_What you should do_. Write out, with no changes, every line starting at the one that contains "Niemieckie zbrodnie na" and ending at the last line of the data below. Leave pictures out.

_Recorded data_.

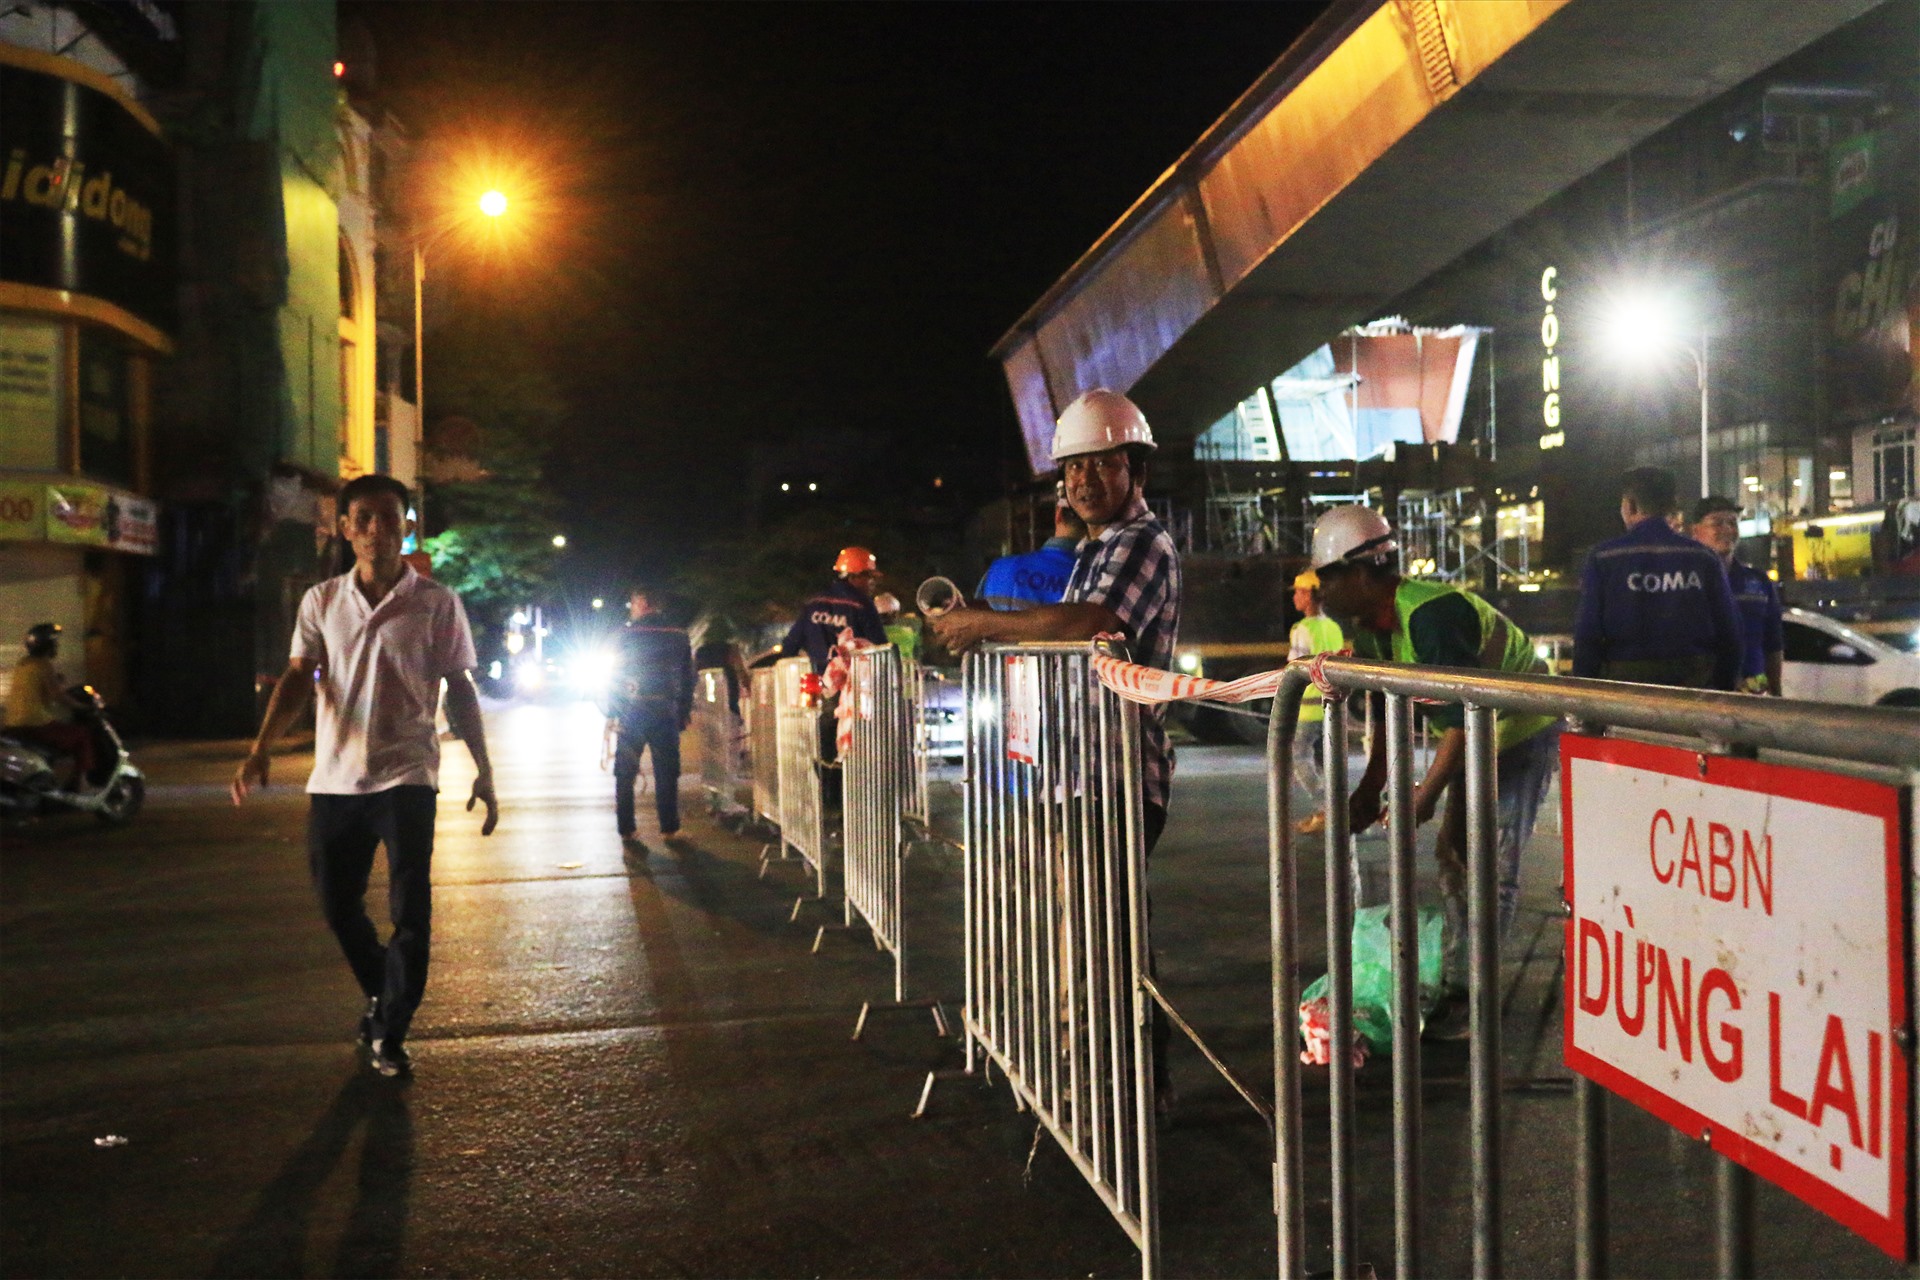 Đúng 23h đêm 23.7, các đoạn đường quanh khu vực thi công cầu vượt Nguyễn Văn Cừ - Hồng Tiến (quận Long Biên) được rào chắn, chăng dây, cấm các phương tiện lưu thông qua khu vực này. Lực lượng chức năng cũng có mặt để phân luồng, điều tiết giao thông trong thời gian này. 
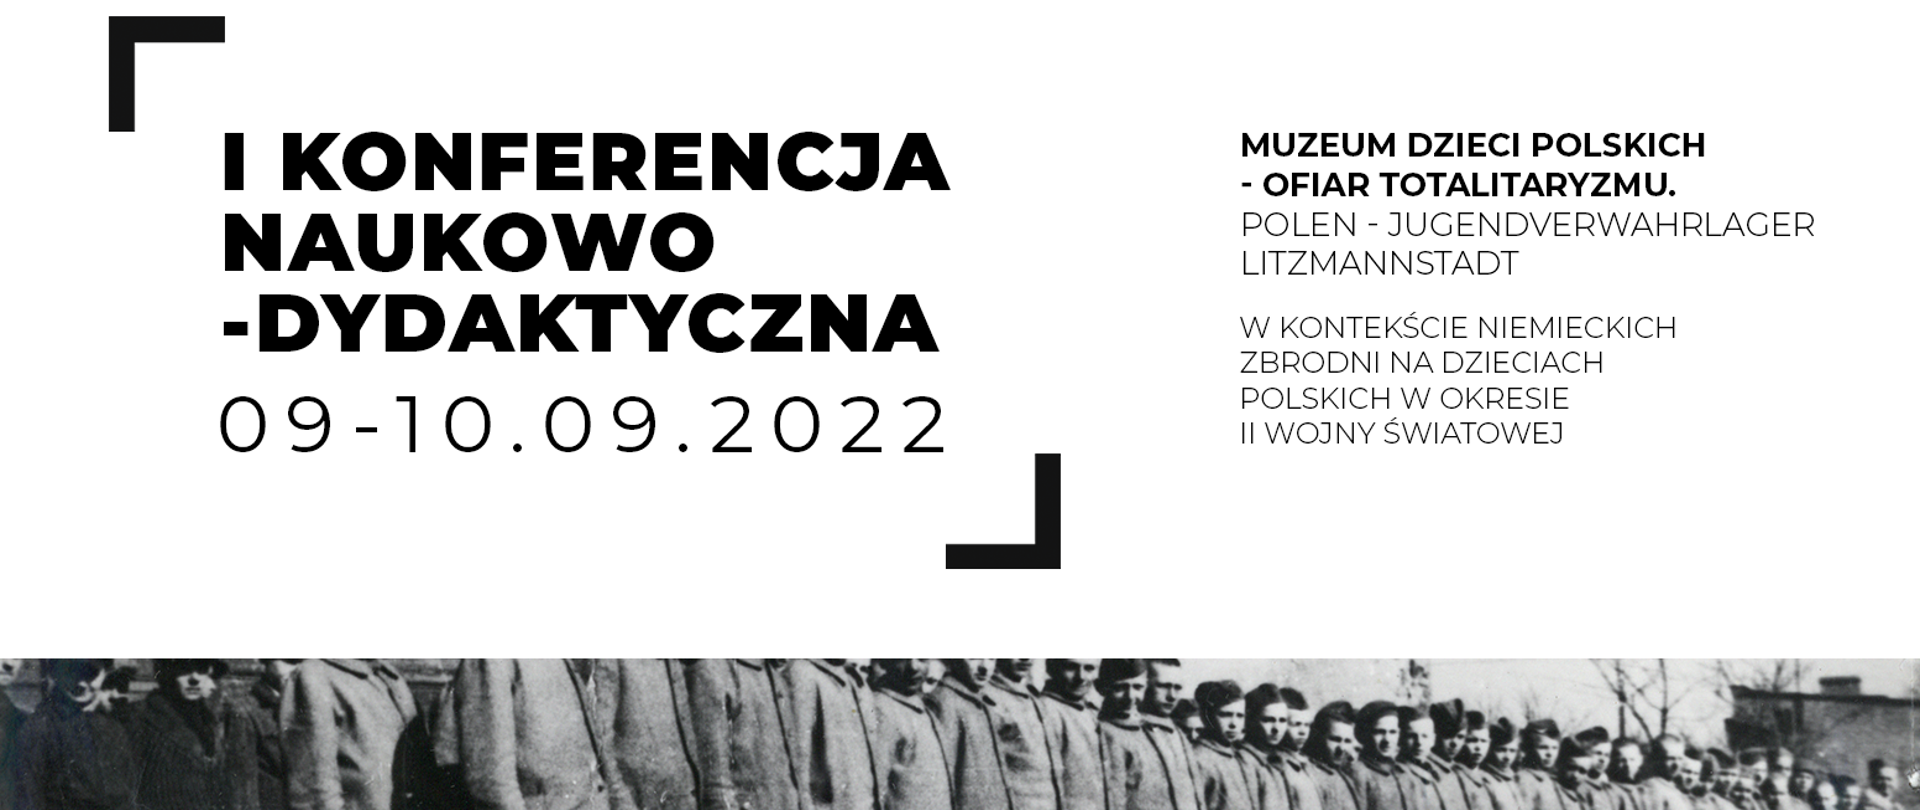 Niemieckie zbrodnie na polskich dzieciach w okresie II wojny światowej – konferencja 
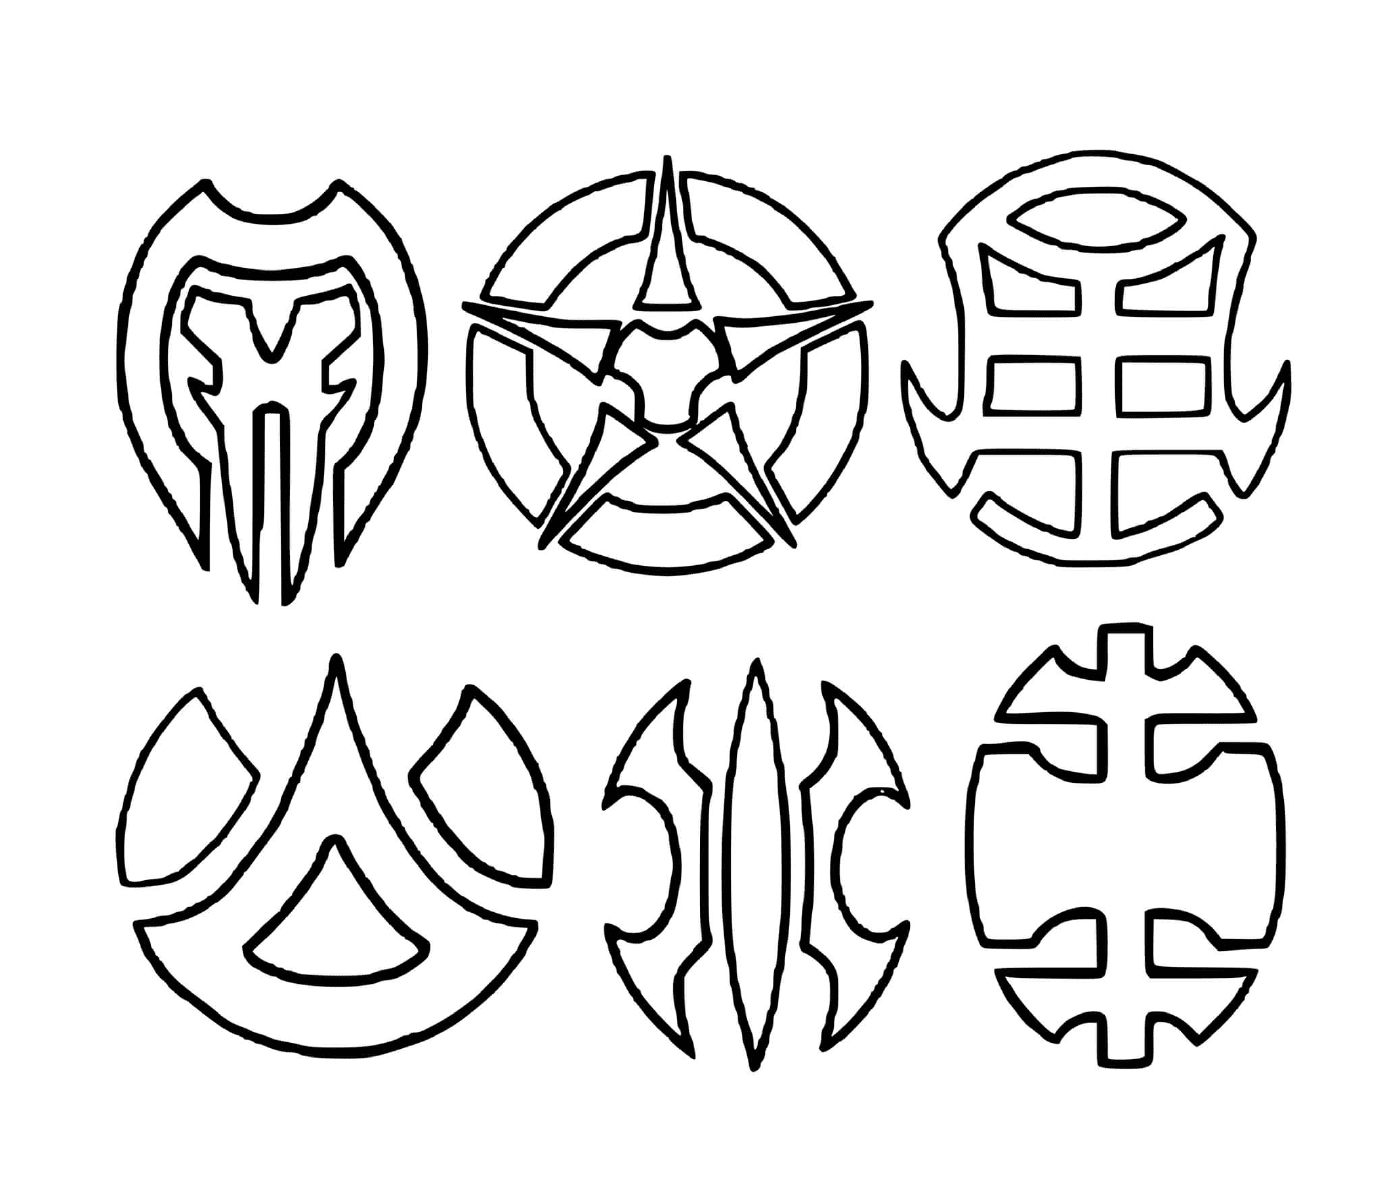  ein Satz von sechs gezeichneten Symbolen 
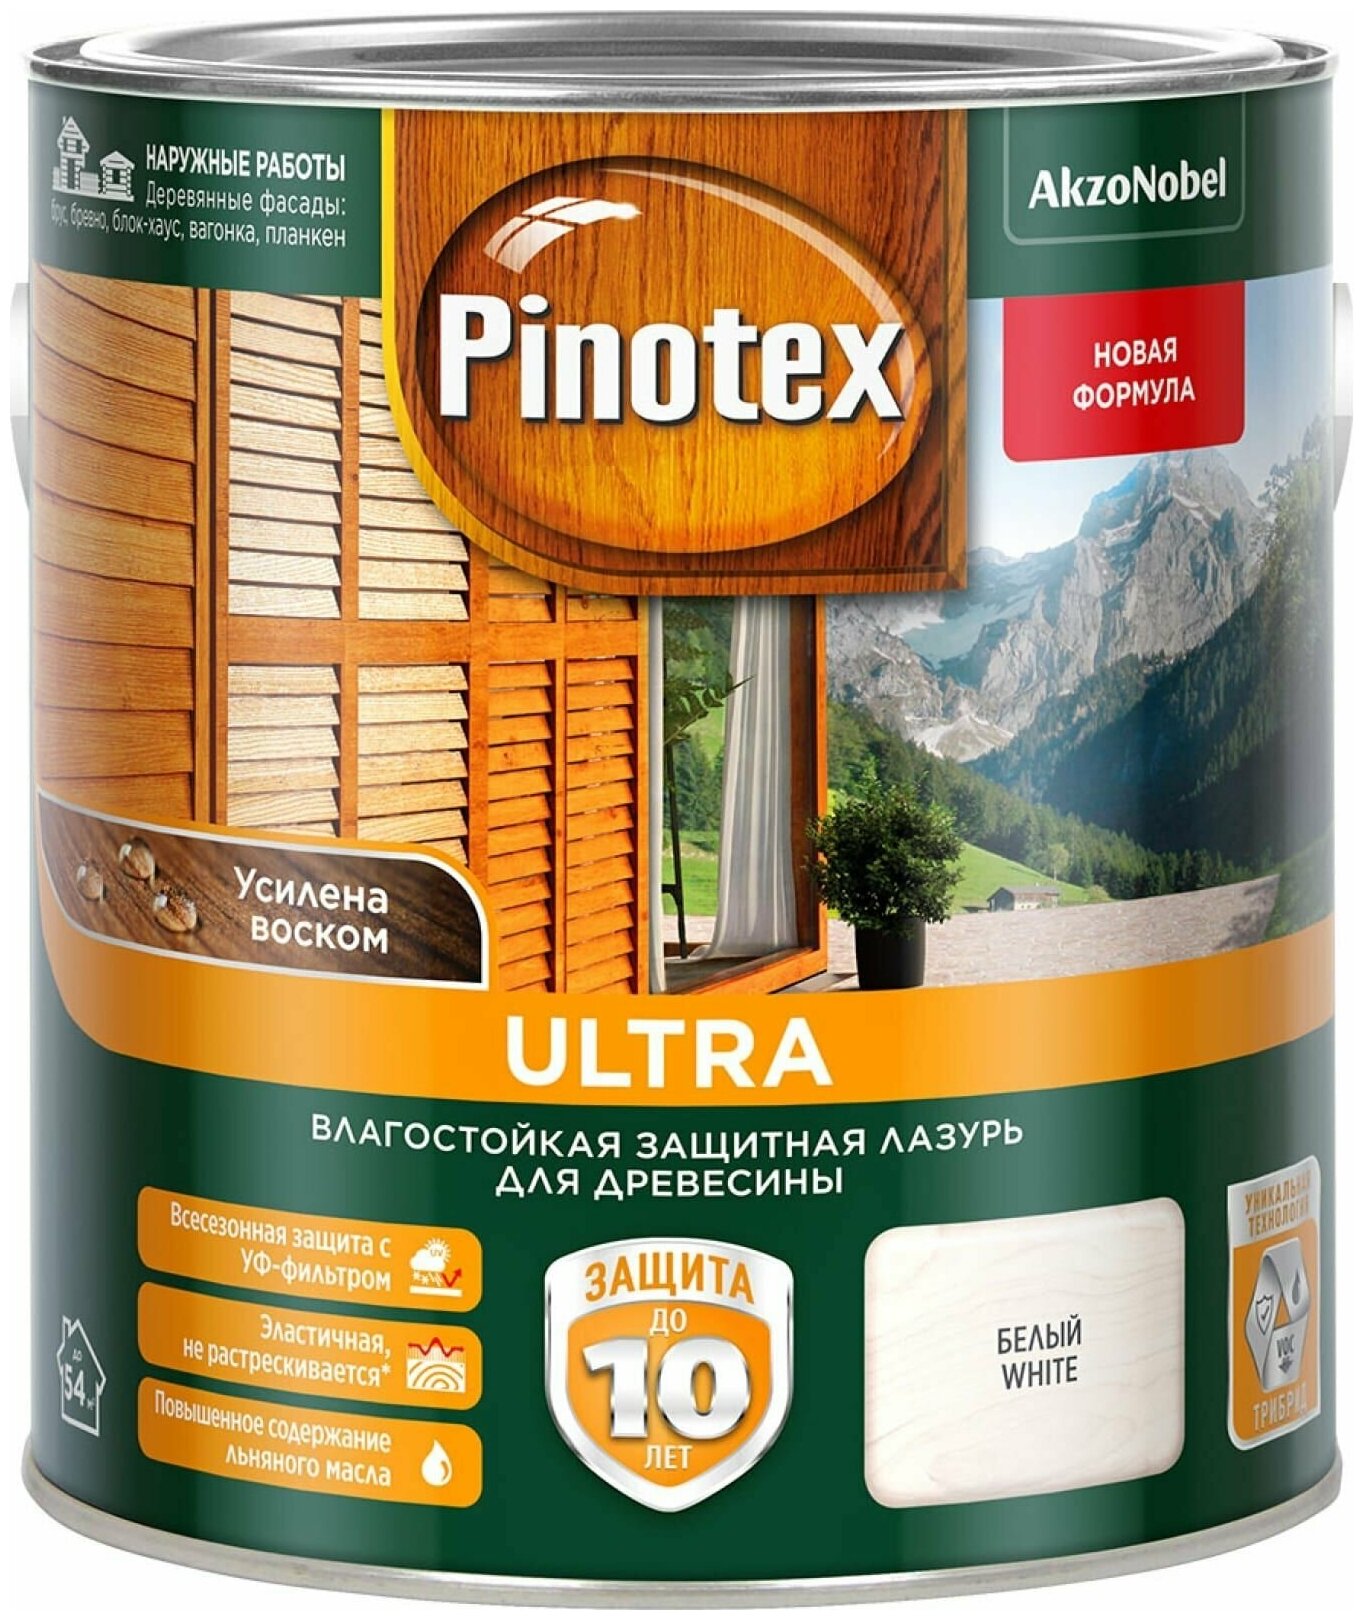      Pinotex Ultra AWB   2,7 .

_Exercise result_.
 Niemieckie zbrodnie na polskich dzieciach w okresie II wojny światowej – konferencja 
  ein Satz von sechs gezeichneten Symbolen 
      Pinotex Ultra AWB   2,7 .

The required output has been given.